Quick background: I completed a new construction full yard seed late last August, primarily KBG with some PRG. This was supposedly a high quality seed mix from a local seed supplier. Our property was previously farm land many years ago and most of the top soil I used is native for what it matters.

The first up I believe (and hope...) is annual ryegrass. This is fairly evenly spread throughout most of the yard and is quite apparent as it's popping up quicker than my turf grass. I would estimate 1 every 10-15', not terrible but concerning.









My biggest reasoning that it's annual ryegrass and not quack are the clasping auricles along without any rhizomes in the roots. The base and leaf tips are also a purple tinge. I'm a complete noob though.

Second, I have a small area near the edge of my property with a handful of these thick bladed clumps. I noticed it has some cut blades from last year as I have yet to mow.





Any help would be greatly appreciated!


----------



## npompei (Sep 8, 2019)

I have ZERO experience in the weed dept. It's my first real year with a yard (new construction reno in Fall) so I can't offer much advice in how to rid yourself of this. BUT I feel like we have the same scenario. About a month ago when my yard was trying to wake up I had what I think is the same stuff throughout the yard. I posted a few of these pics and some guys said Annual Rye...

Since then, most has either died off or been taken over by the PRG. Visually speaking. It's still there in some of my thinner spots (duh, PRG) but I think because you are in Michigan, you may notice in a few weeks it will somewhat go away for you. That said, it doesn't truly go away so I'm not sure how to kill it ha. I just hope once your grass really wakes up it will look way better. Mine has done a total 180 since last month - I was not a happy camper after it looking so great in the fall! Hope together maybe we can crush this stuff!


----------



## ROJ_3030 (Sep 28, 2019)

Thanks for the message @npompei!

The picture of your yard looks extremely similar to what I'm assuming is annual ryegrass in mine.

It makes sense that you're not seeing it as much now and I may be overly paranoid at this point. I'm really hoping that it's not quack grass mostly as that sounds like a nightmare. I believe there are some selective herbicides for annual ryegrass if needed. My yard really needs to fill in more this season as well which should hopefully help to prevent weeds. I did however already throw down some prodiamine this spring.

Not a great picture but if you look closely you can see the taller weeds poking up and mocking me. 



Keep me posted on your yard, looking great so far!


----------



## ROJ_3030 (Sep 28, 2019)

Any heavy hitters care to take a stab at it?

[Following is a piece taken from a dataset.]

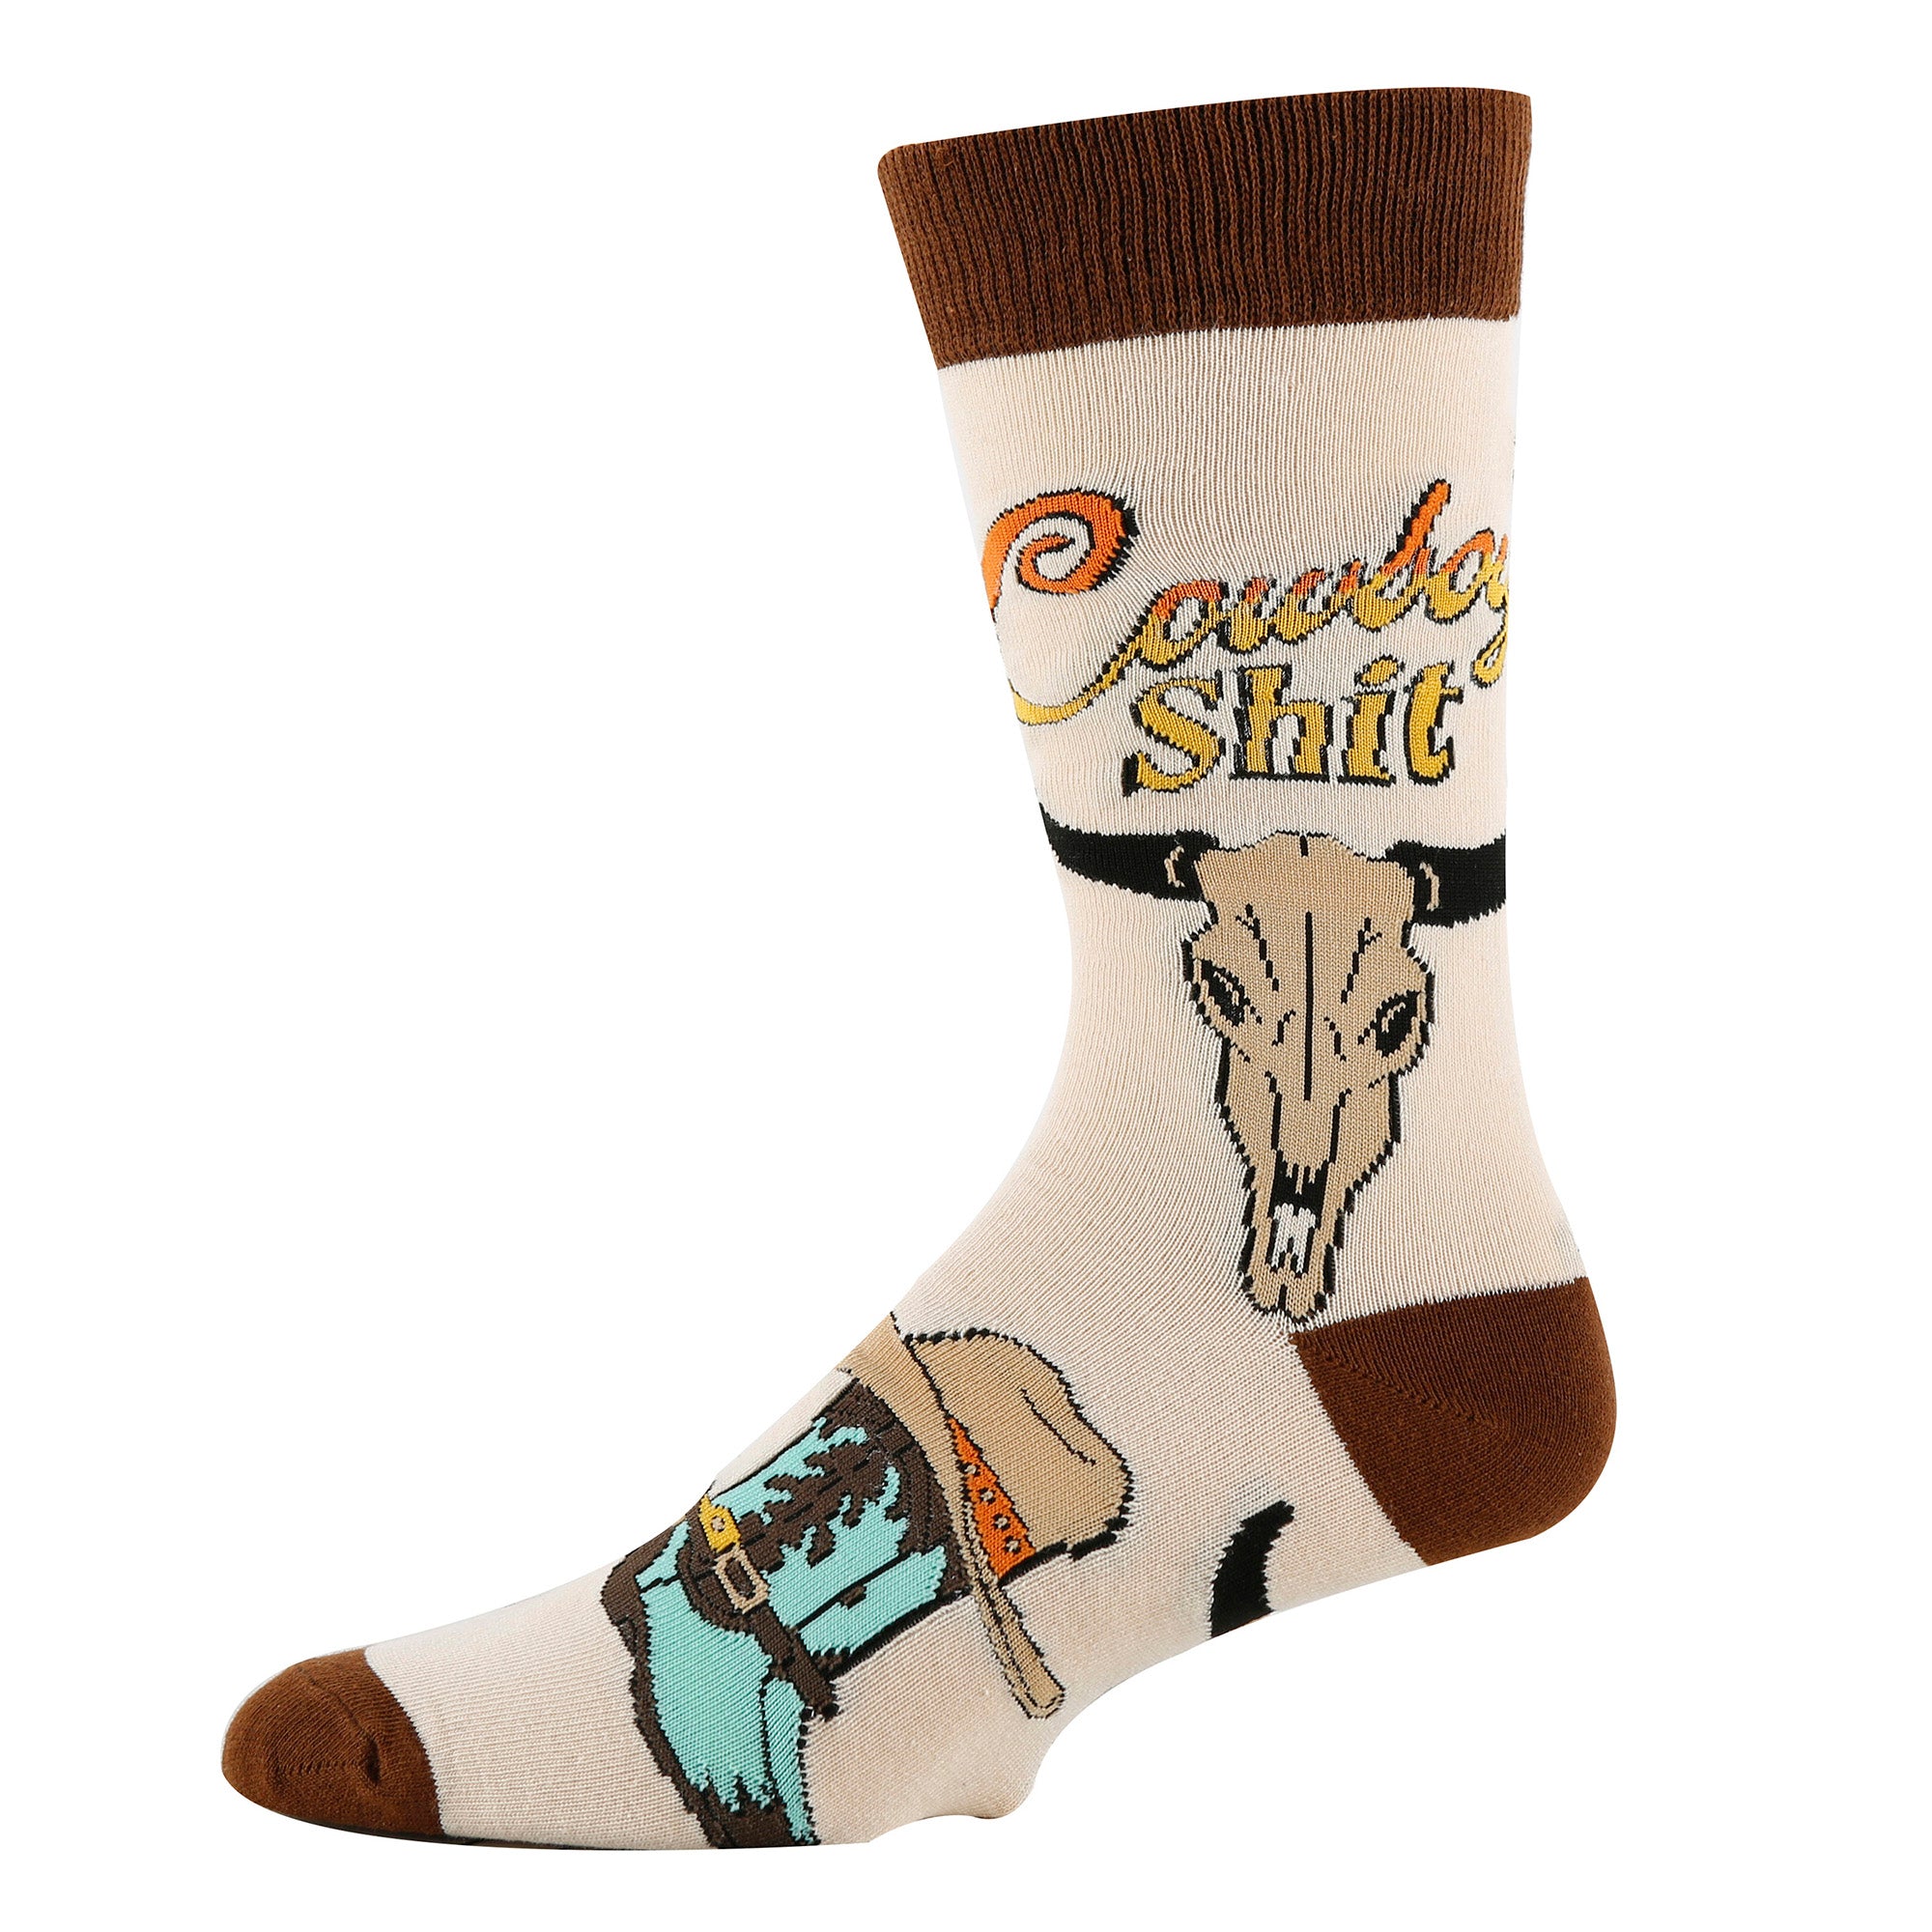 Cowboy Socks

@g-man @Ware @pennstater2005

Thank you all!


----------



## g-man (Jun 15, 2017)

@Rojas727 it looks like quack. Just paint the leaves with round up.


----------



## npompei (Sep 8, 2019)

ROJ_3030 said:


> Thanks for the message @npompei!
> 
> The picture of your yard looks extremely similar to what I'm assuming is annual ryegrass in mine.
> 
> ...


Oh you're welcome @ROJ_3030 not that I helped at all ha. Like @g-man said, and others have said, painting them with roundup may be the best way to get rid of them. Like you, I have a lot. It certainly won't be fun at all and will take forever but I'm home now all the time so, why not?! Ha.


----------



## ROJ_3030 (Sep 28, 2019)

@g-man Out of pure interest to learn, could you elaborate on your reasoning for being quack?

I don't see any rhizomes in the root system. I dug up several more today and carefully washed the roots clean to inspect. They appear to be finely fibrous. Could the rhizomes be hard to see this early in the season?

If this is annual ryegrass, the obvious question is where did it come from? Possibly low grade seed mix? Contamination from the hydro seeding contracter? Just posing some hypothetical questions.

Would there be any harm in blanket spraying something like Dimension to see if it has any effect on this?

Thanks again!


----------